He created the two brothers, one of whom looks backward while the other bends his head with a movement of resolution and submission as though he offered it to the executioner.
He created the man with the vague gesture whom Gustave Geffroy has called "Le Passant". This man moves forward, but he turns back once more, not to the city, not to those who are weeping, and not to those who go with him: he turns back to himself. His right arm is raised, bent, vacillating. His hands open in the air as though to let something go, as one gives freedom to a bird. This gesture is symbolic of a departure from all uncertainty, from a happiness that has not yet been, from a grief that will now wait in vain, from men who live somewhere and whom he might have met some time, from all possibilities of to-morrow and the day after to-morrow; and from Death which he had thought far distant, that he had imagined would come mildly and softly and at the end of a long, long time.
This figure, if placed by itself in a dim, old garden, would be a monument for all who have died young.
Thus Rodin has made each of these men live again the last concentrated moment of life. Each figure is majestic in its simple greatness. They bring to mind Donatello and, perhaps, Claux Sluter and his prophets in the Chartreuse of Dijon.
It seems at first as though Rodin had done nothing more than gather them together. He has given them the same attire, the shirt and the rope, and has placed them together in two rows: the three that are in the first row, are about to start forward, the other three turn to the right and follow behind. The place that was decided upon for the erection of the monument was the market place of Calais, the same spot from which the tragic procession had formerly started. There the silent group was to stand, raised by a low step above the common life of the market place as though the fearful departure were always pending.
The City of Calais refused to accept a low pedestal because it was contrary to custom. Rodin then suggested that a square tower, two stories high and with simply-cut walls, be built near the ocean and there the six citizens should be placed, surrounded by the solitude of the wind and the sky. This plan, as might have been expected, was declined, although it was in harmony with the character of the work. If the trial had been made, there would have been an incomparable opportunity for observing the unity of the group, which, although it consisted of single figures, held closely together as a whole. The figures do not touch one another, but stand side by side like the last trees of a hewn-down forest united only by the surrounding atmosphere. From every point of view the gestures stand out clear and great from the dashing waves of the contours; they rise and fall back into the mass of stone like flags that are furled. The entire impression of this group is precise and clear. Like all of Rodin's compositions, this one, too, appears to be a pulsating world enclosed within its own boundaries. Beside the points of actual contact there is a kind of contact produced by the surrounding atmosphere which diminishes, influences and changes the character of the group. Contact may exist between objects far distant from one another, like the conflux of forms such as one sees sometimes in masses of clouds, where the interjacent air is no separating abyss, but rather a transition, a softly-graduated conjunction.
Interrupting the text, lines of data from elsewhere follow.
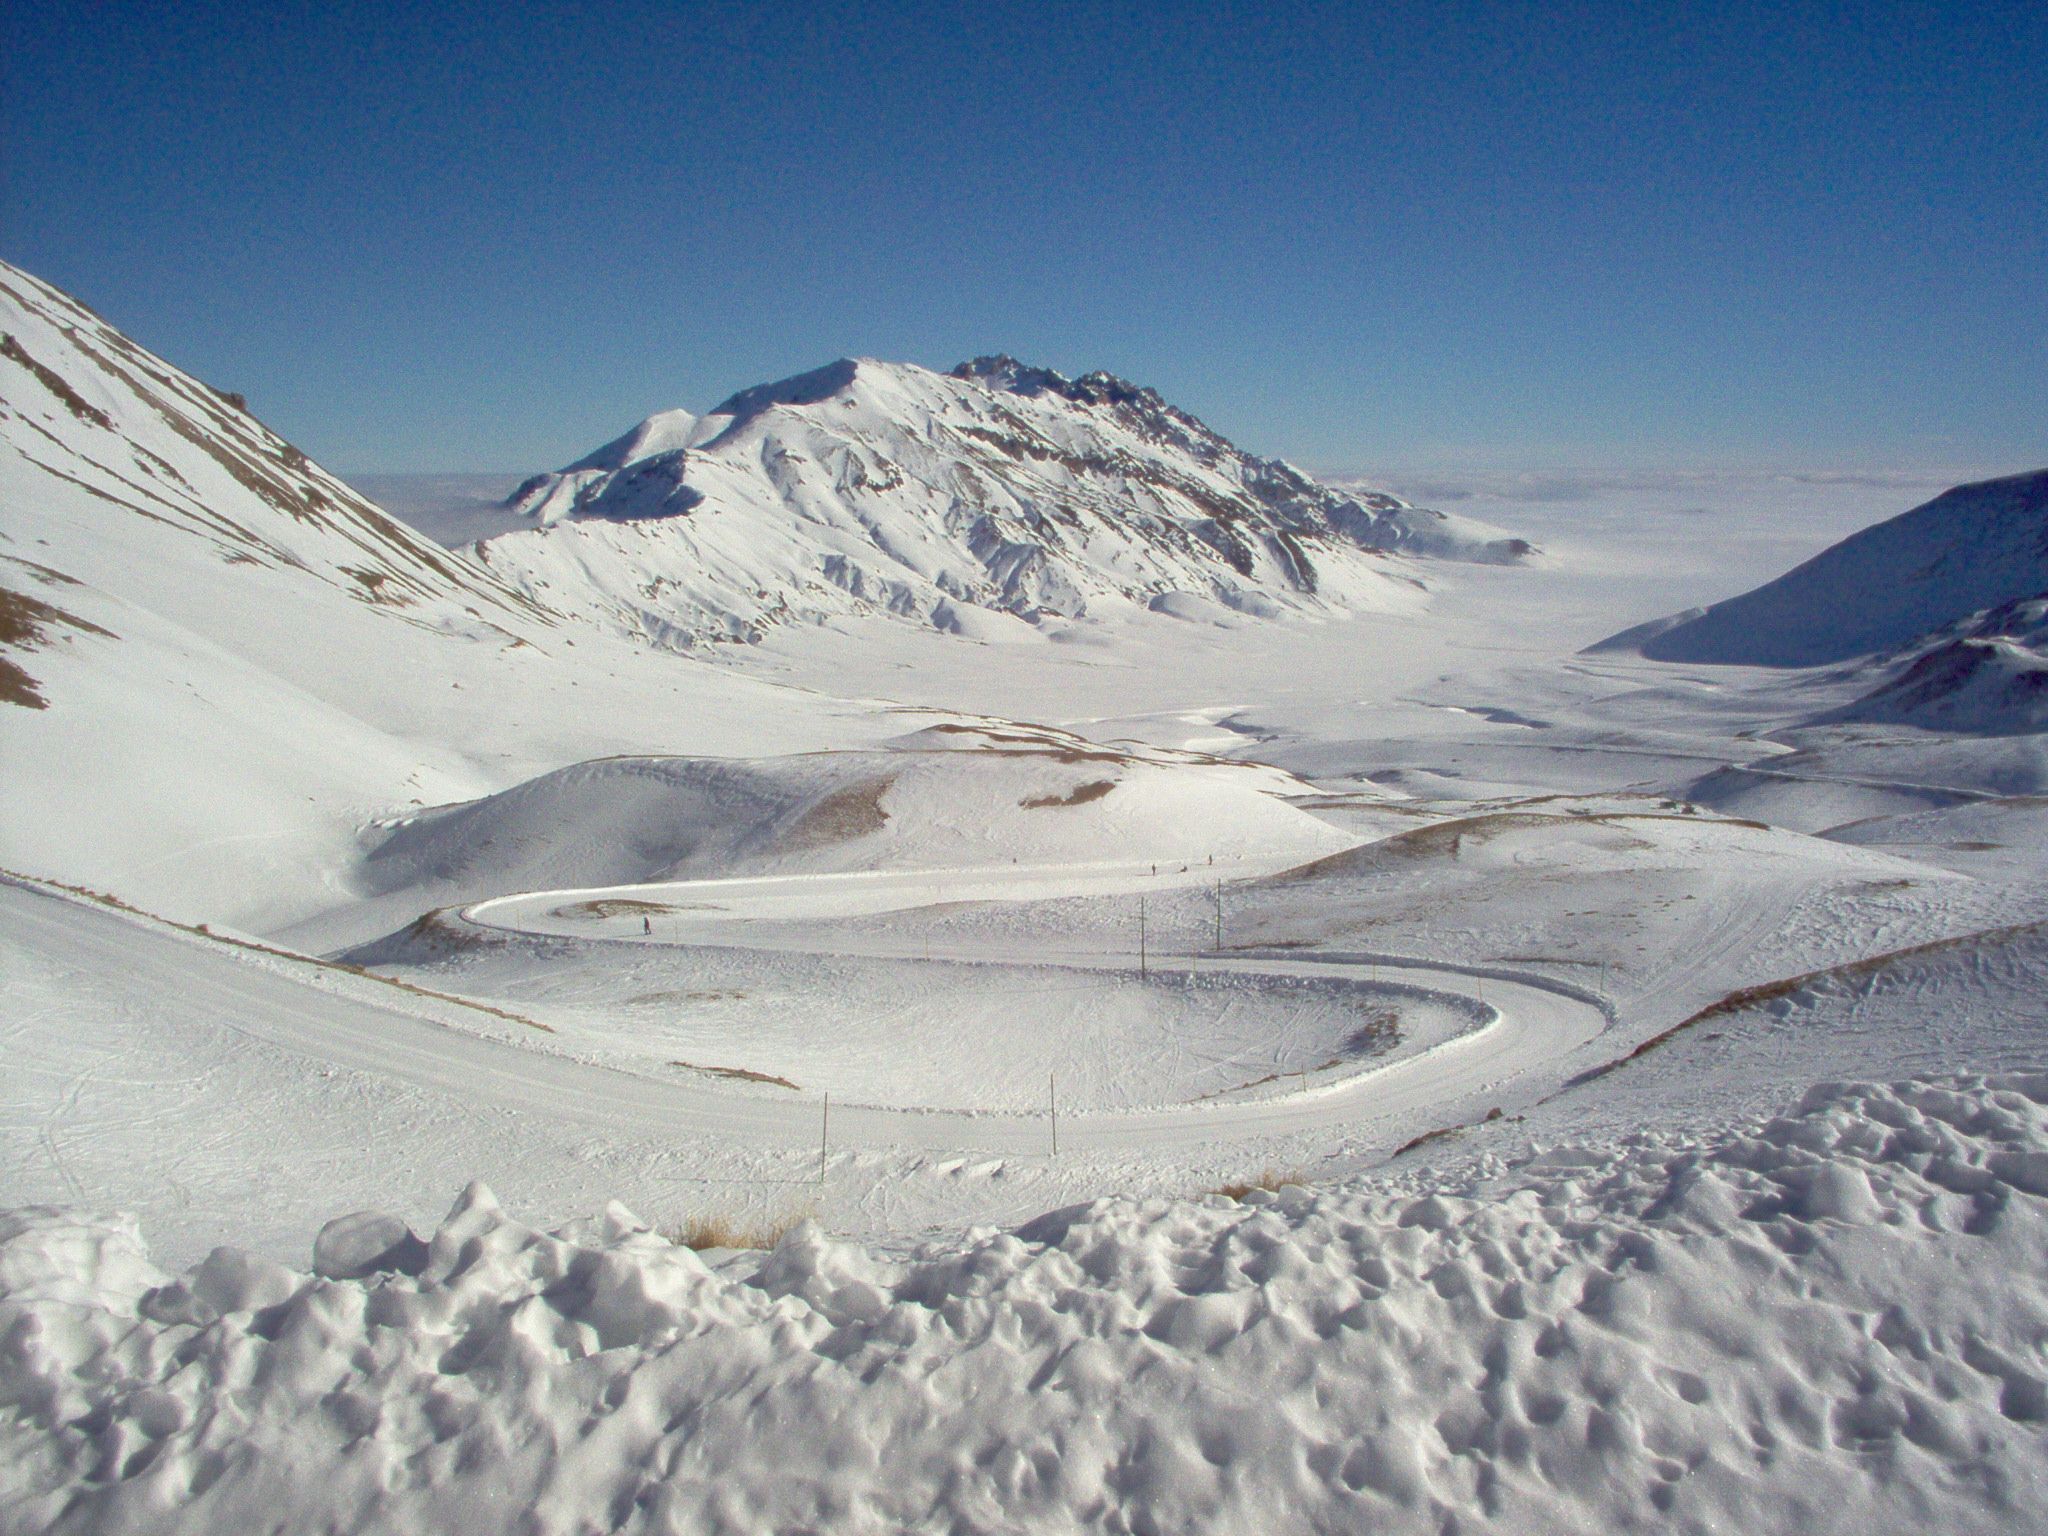 Settimana bianca 2015: dove andare a sciare in Centro Italia?
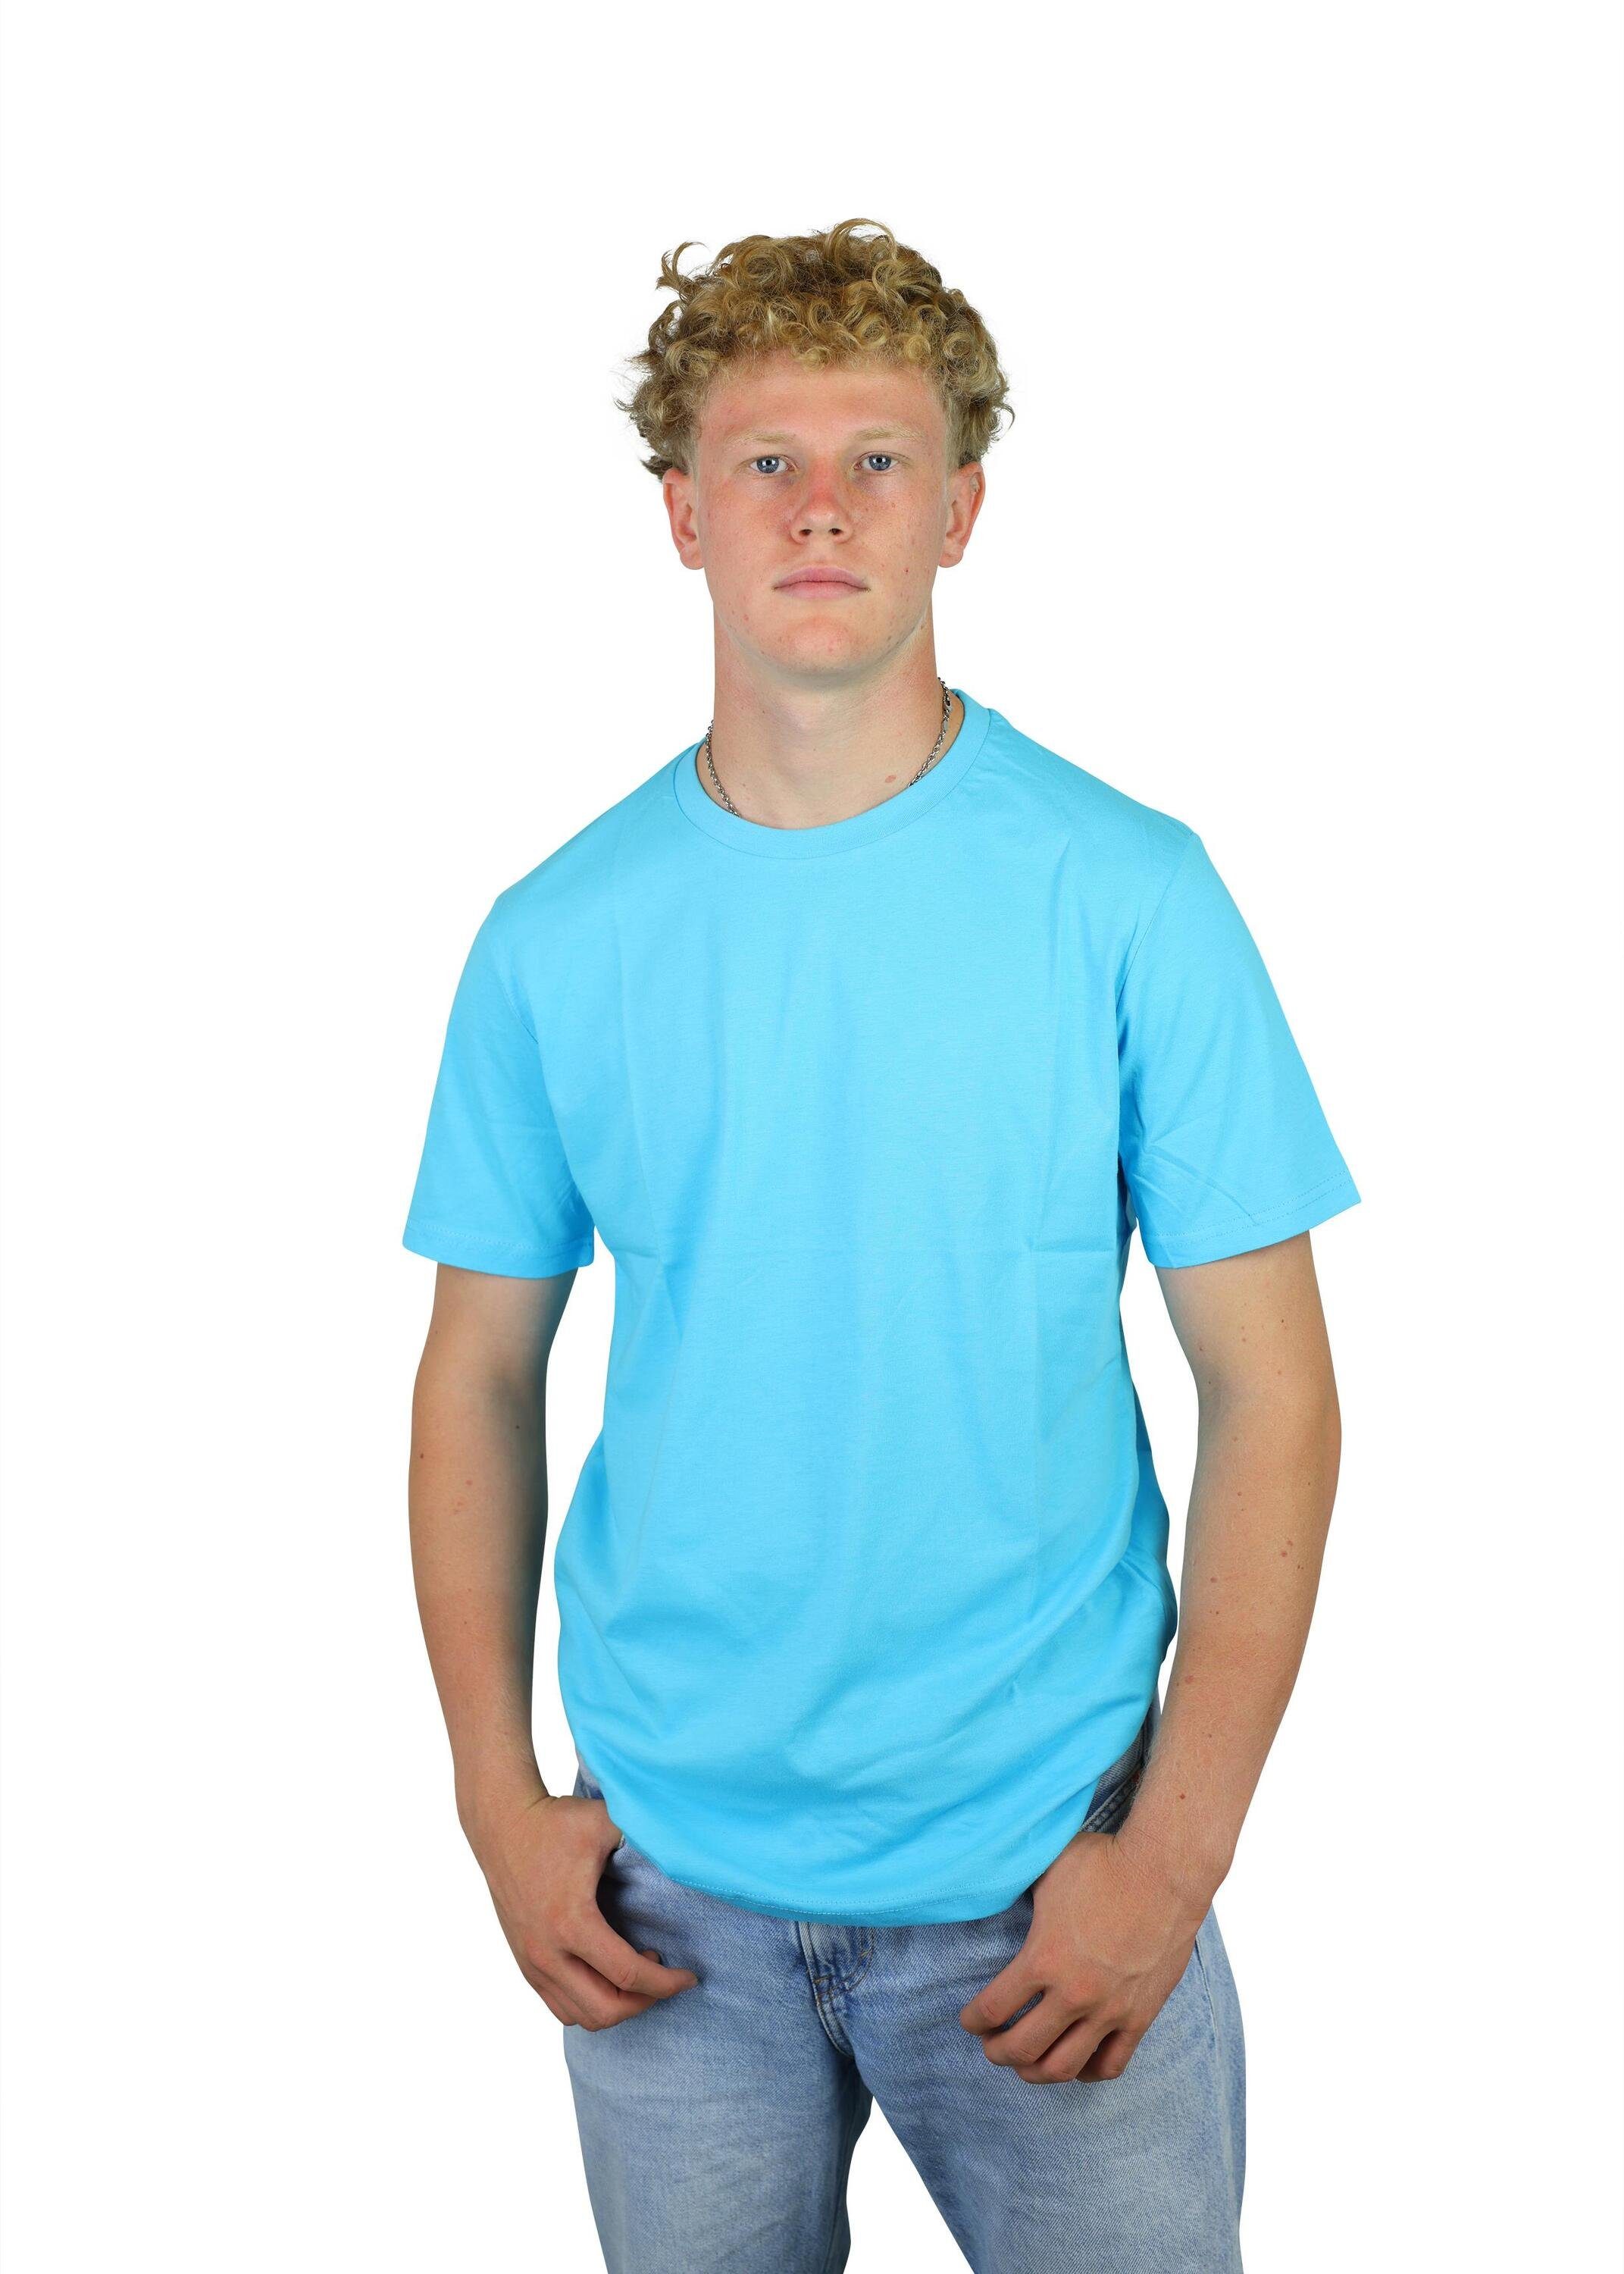 Jugend T-Shirt Blue aus Karl Kinder, Fußball, für Baumwolle, FuPer
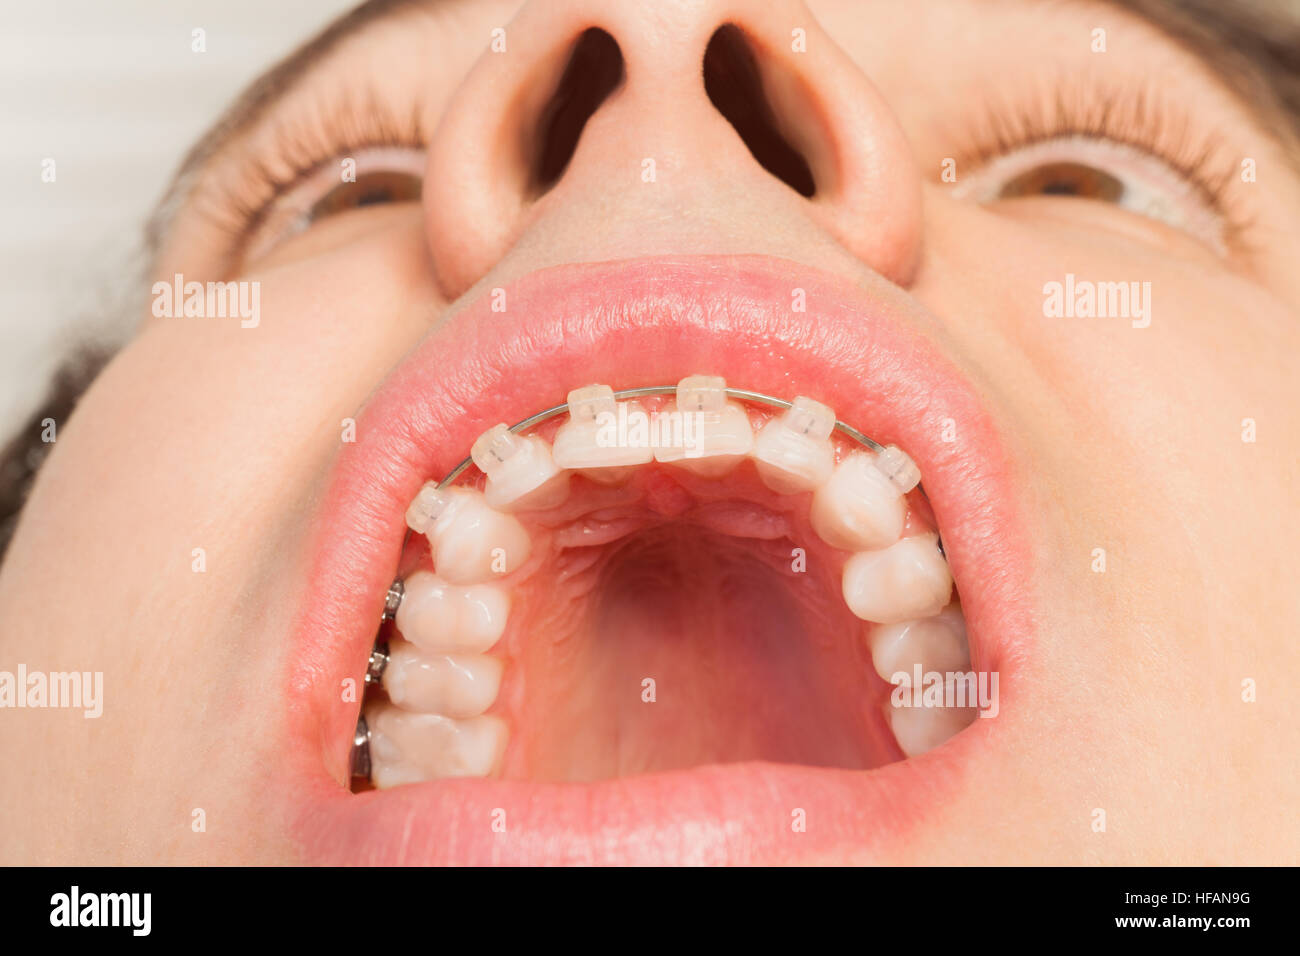 Фотка открытого рта

To Rodin the participation of the atmosphere in the composition has always been of greatest importance. He has adapted all his figures, surface after surface, to their particular space and environment; this gives them the greatness and independence, the marvelous completeness and life which distinguishes them from all other works. When interpreting nature he found, as he intensified an expression, that, at the same time, he enhanced the relationship of the atmosphere to his work to such a degree that the surrounding air seemed to give more life, more passion, as it were, to the embraced surfaces. A similar effect may be observed in some of the animals on the cathedrals to which the air relates itself in strange fashion; it seems to become calm or storm according to whether it sweeps over emphasized or level surfaces. When Rodin concentrates the surfaces of his works into culminating points, when he uplifts to greater height the exalted or gives more depth to a cavity, he creates an effect like that which atmosphere produces on monuments that have been exposed to it for centuries. The atmosphere has traced deeper lines upon these monuments, has shadowed them with veils of dust, has seasoned them with rain and frost, with sun and storm, and has thus endowed them with endurance so that they may remain imperishable through many slowly-passing dusks and dawn.
This effect of atmosphere, which is the monumental principle of Rodin's art, is wonderfully achieved in "The Citizens of Calais." These sculptural forms seen from a distance are not only surrounded by the immediate atmosphere, but by the whole sky; they catch on their surfaces as with a mirror its moving distances so that a great gesture seems to live and to force space to participate in its movement.
This impression is conveyed also by the figure of the slender youth who kneels with outstretched, imploring arms. Rodin has called this figure "The Prodigal Son," but it has recently received the name—from whom or from whence no one knows—of "Prière". The gesture of this figure raises it even beyond this name. This is no son kneeling before his father. A God is necessary to him who thus implores and in him are all who need this God. This Prayer in stone reaches out to such distance that the figure seems to be withdrawn into a great isolation.
Such, too, is the "Balzac" to whom Rodin has given a greatness which, perhaps, overtowers the figure of the writer. Rodin has seized upon the essence of Balzac's being, has not confined himself to the limitations of his personality, but has gone beyond into his most extreme and distant possibilities. These mighty contours might have been formed in the tombstones of by-gone nations.